/---
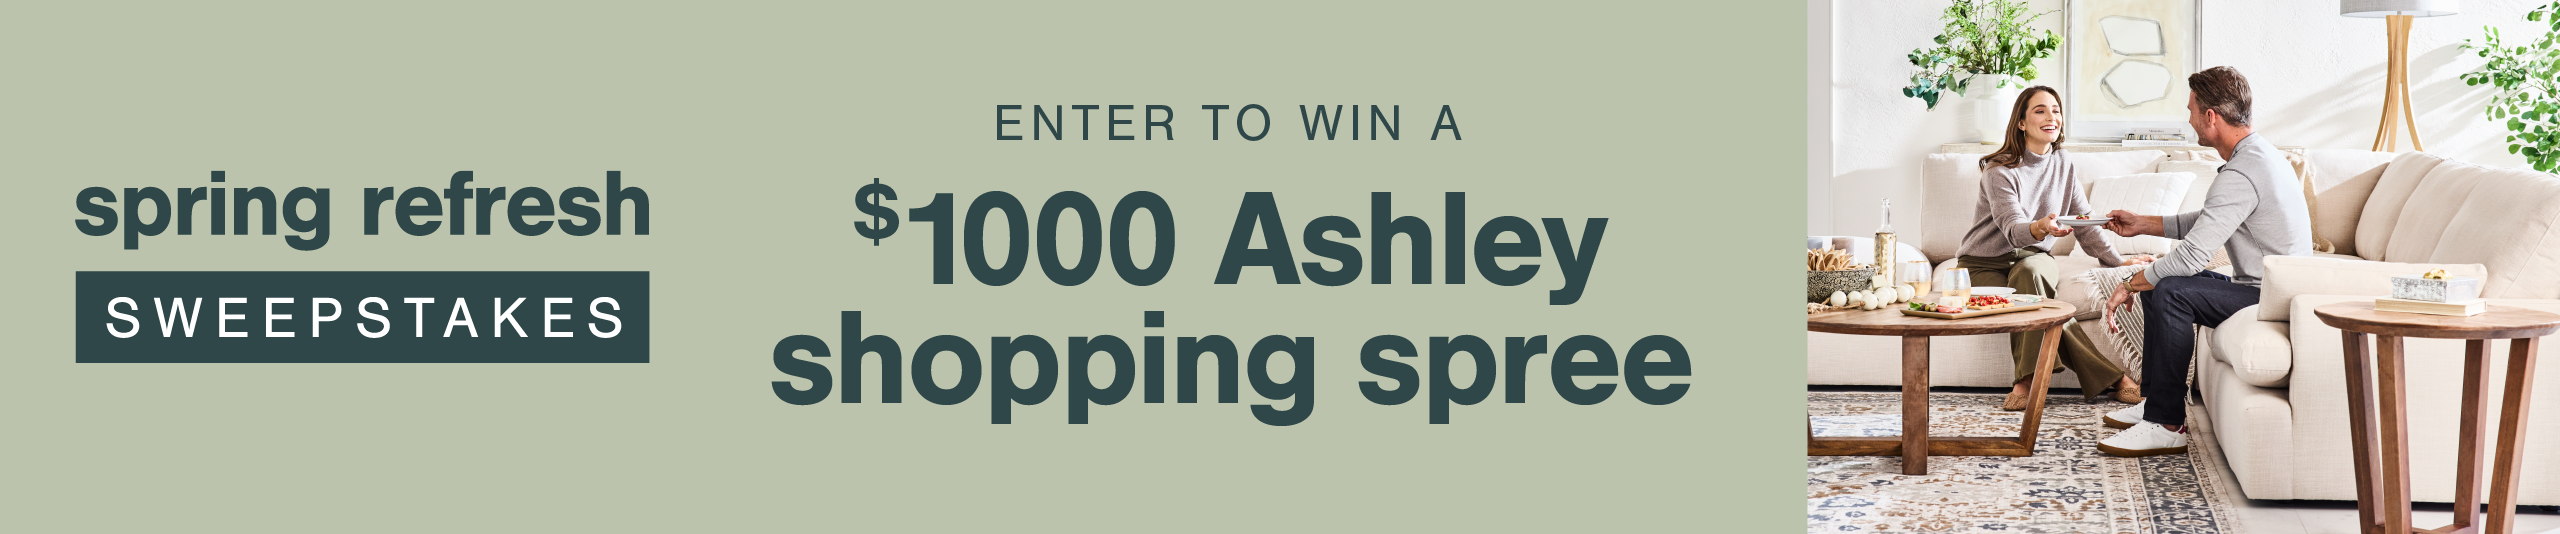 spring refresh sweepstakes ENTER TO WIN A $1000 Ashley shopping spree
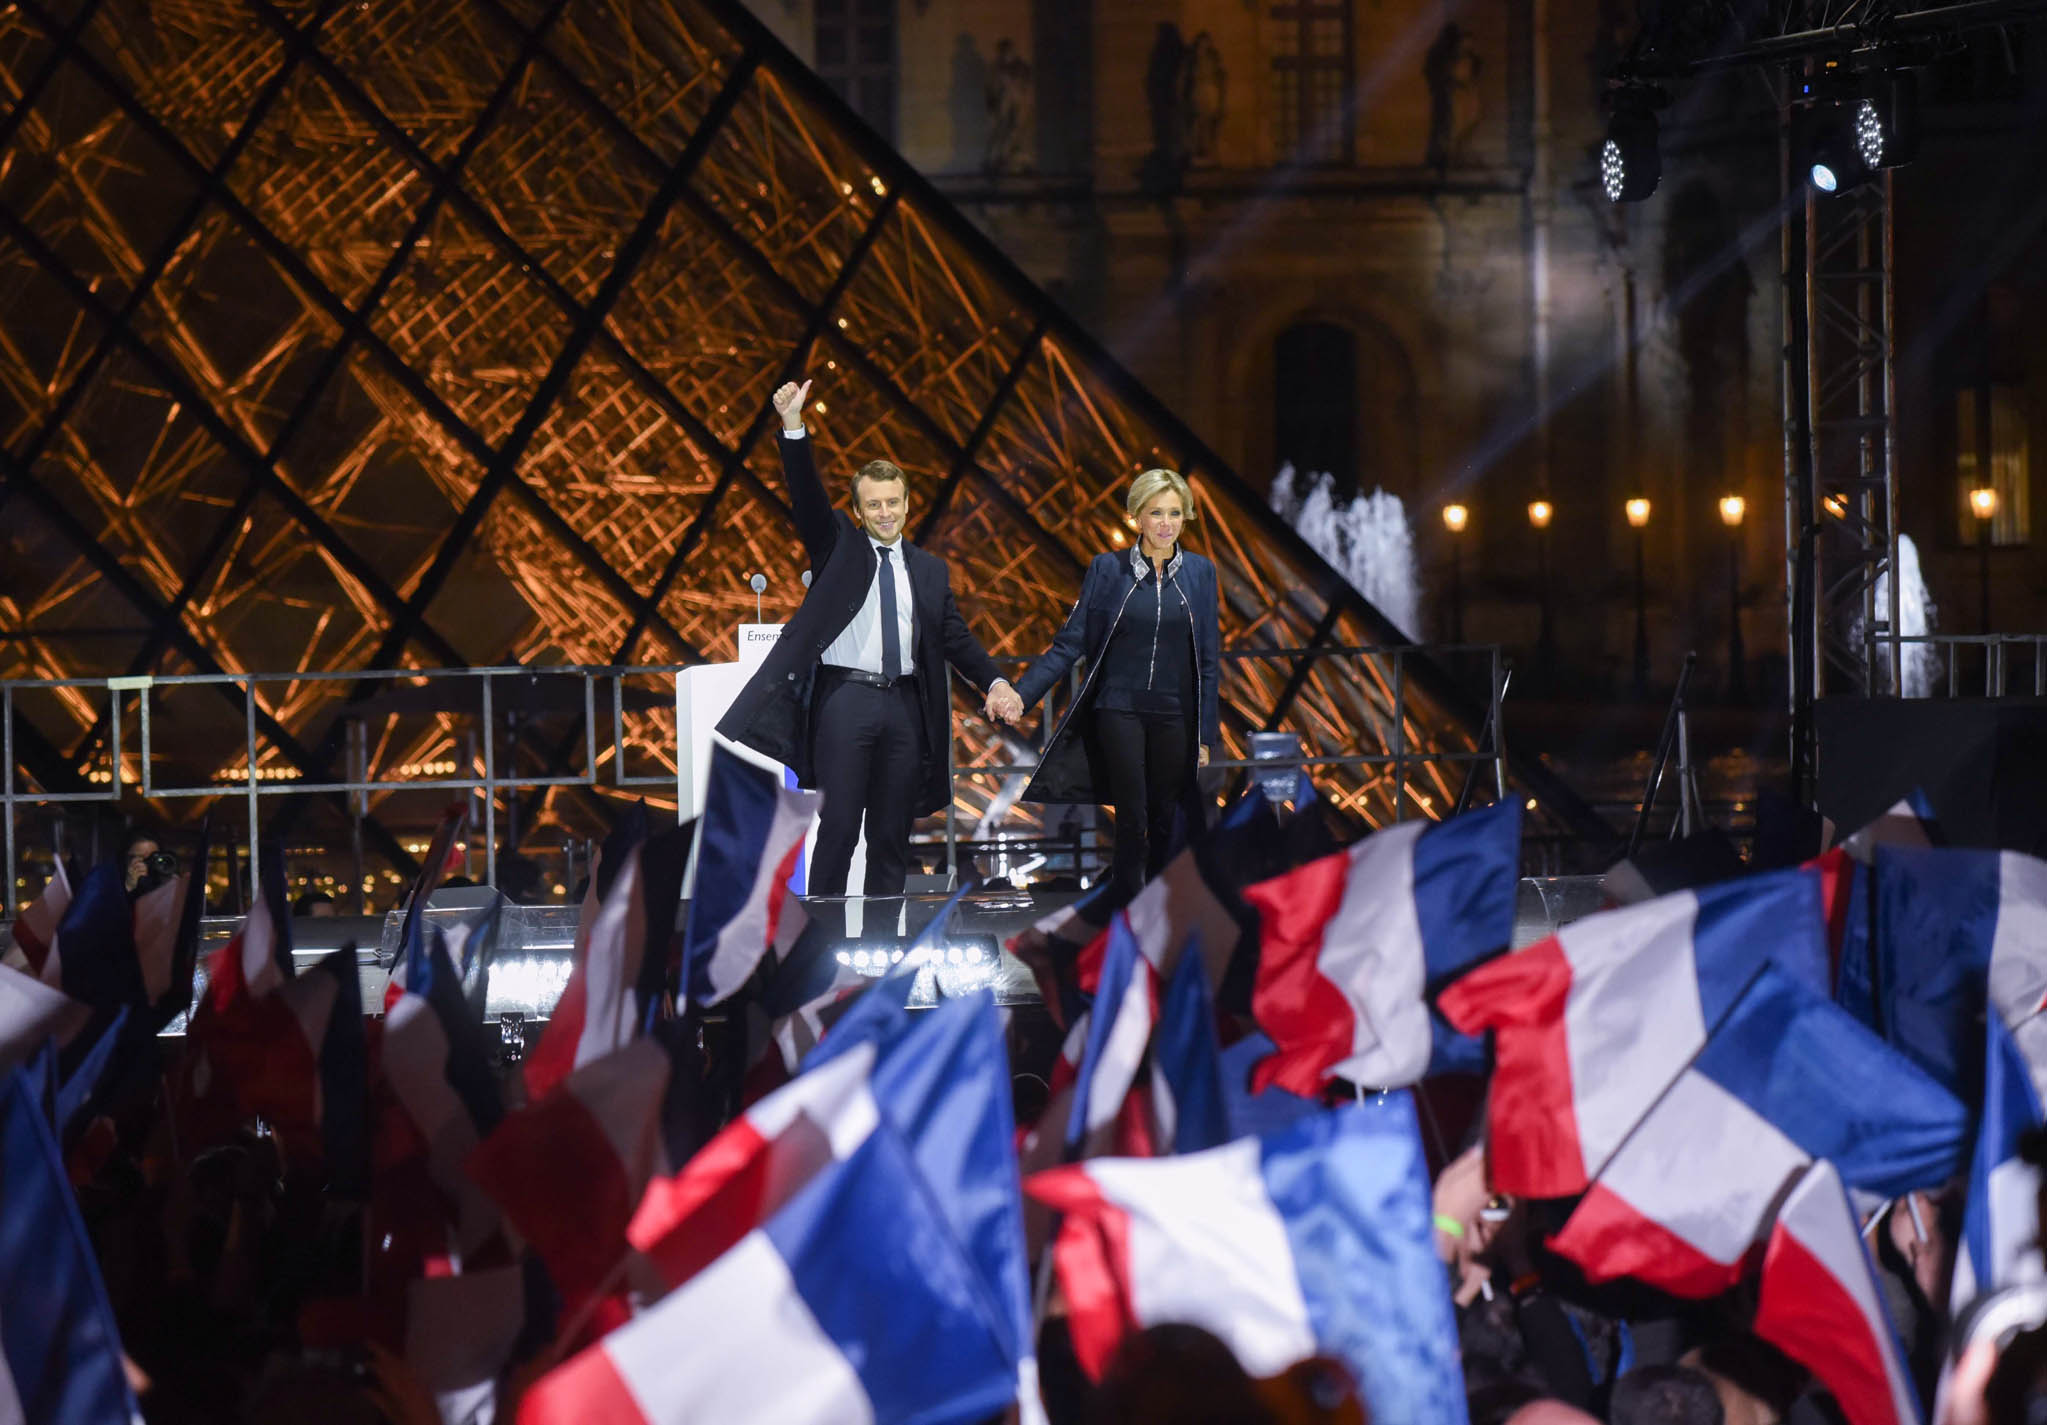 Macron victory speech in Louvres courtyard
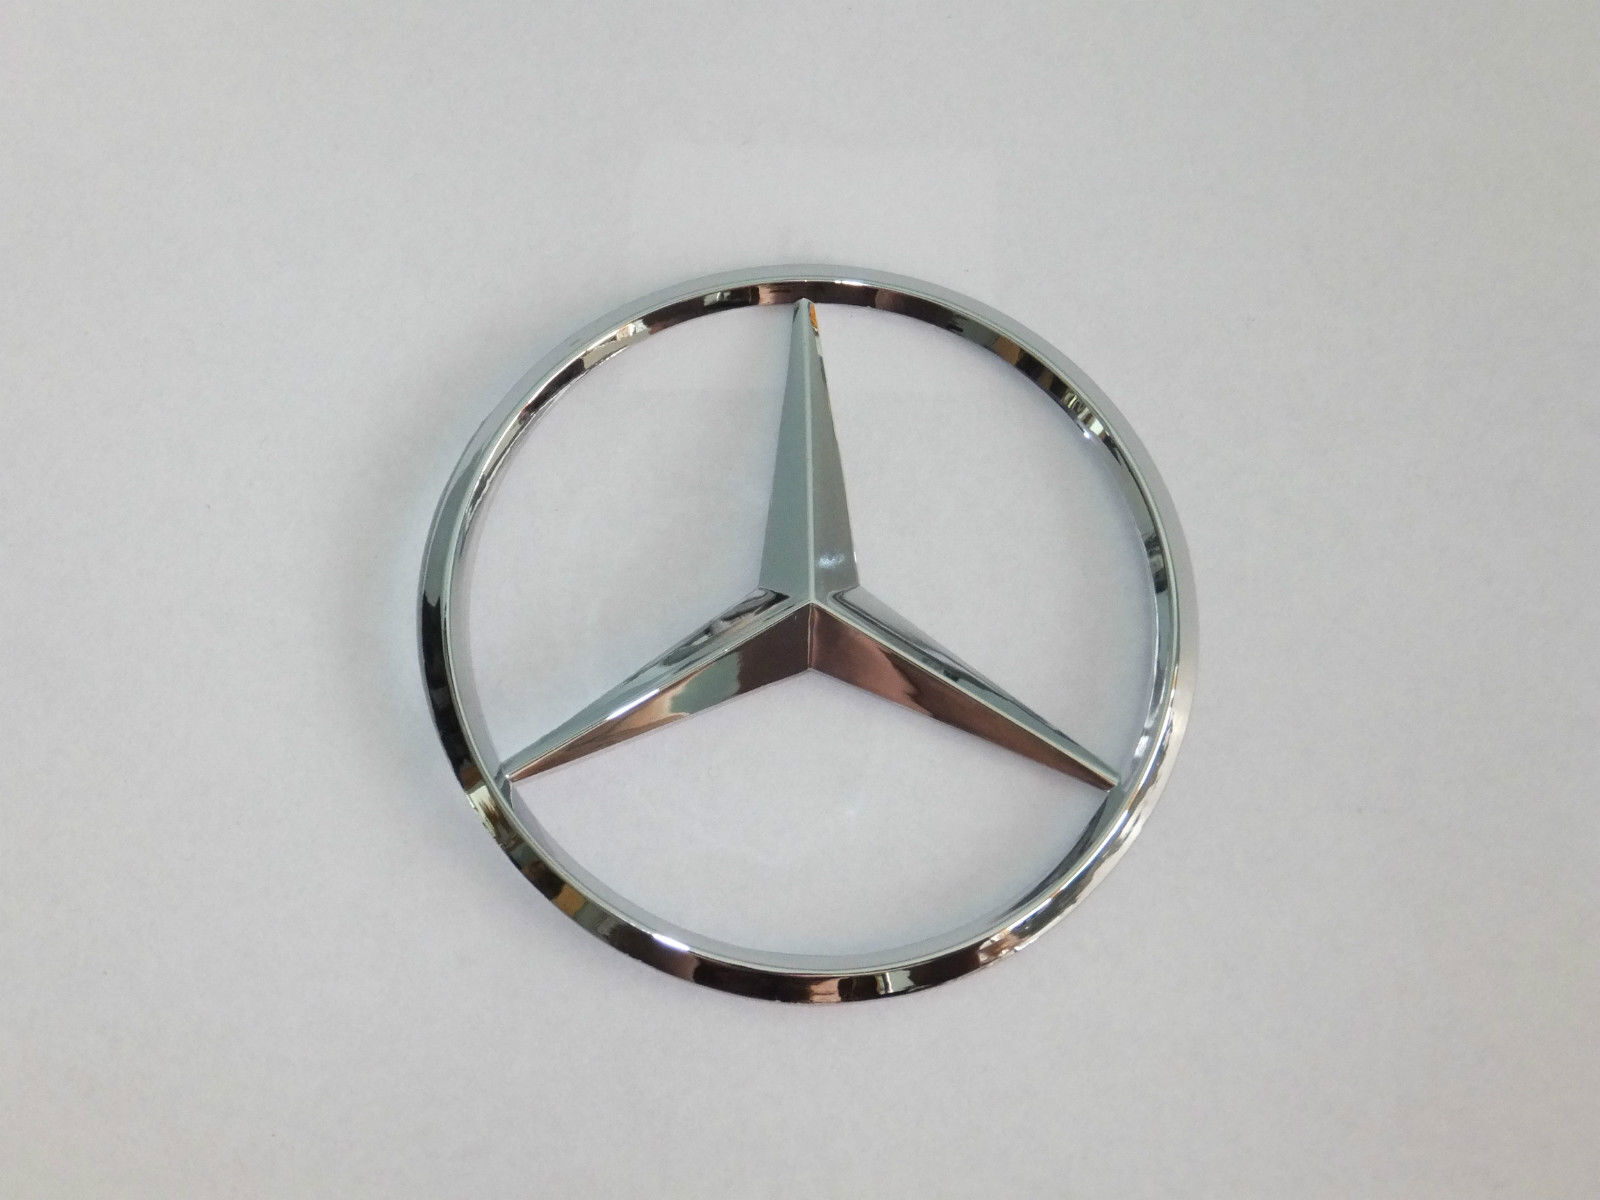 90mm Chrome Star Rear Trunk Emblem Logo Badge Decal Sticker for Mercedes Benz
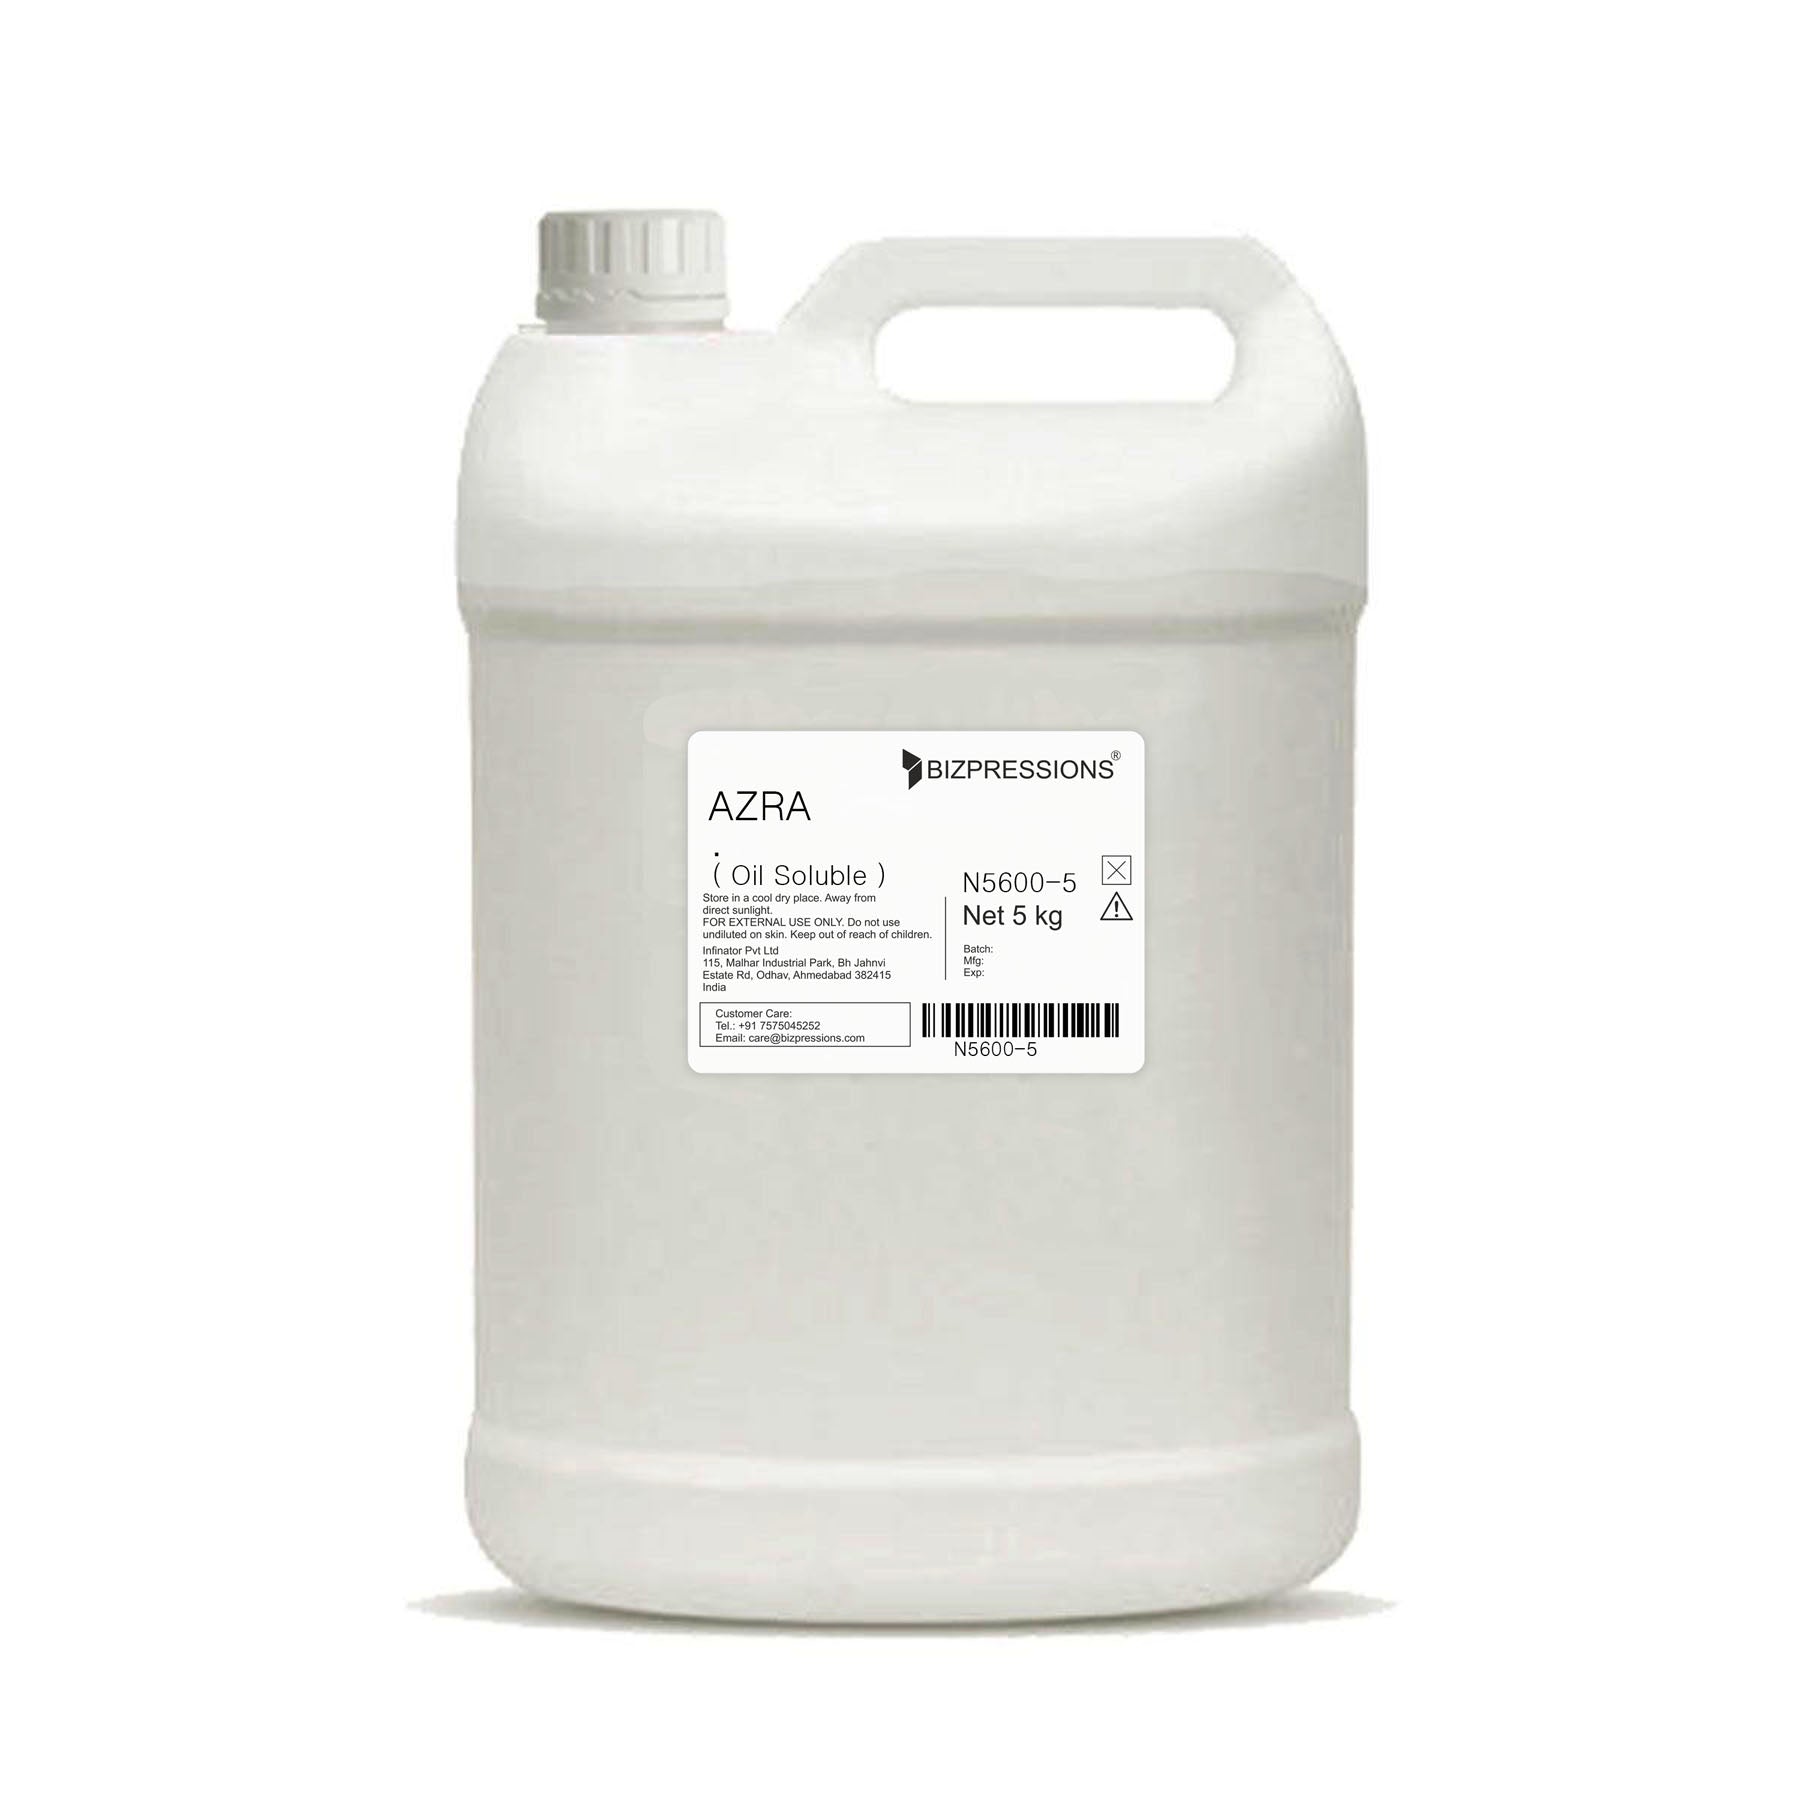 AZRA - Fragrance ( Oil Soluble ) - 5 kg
\---
Work order:
If you see a picture in the listing, skip it while copying everything else exactly.

Output:
 spring refresh sweepstakes ENTER TO WIN A $1000 Ashley shopping spree
 Macron victory speech in Louvres courtyard
 90mm Chrome Star Rear Trunk Emblem Logo Badge Decal Sticker for Mercedes Benz
 AZRA - Fragrance ( Oil Soluble ) - 5 kg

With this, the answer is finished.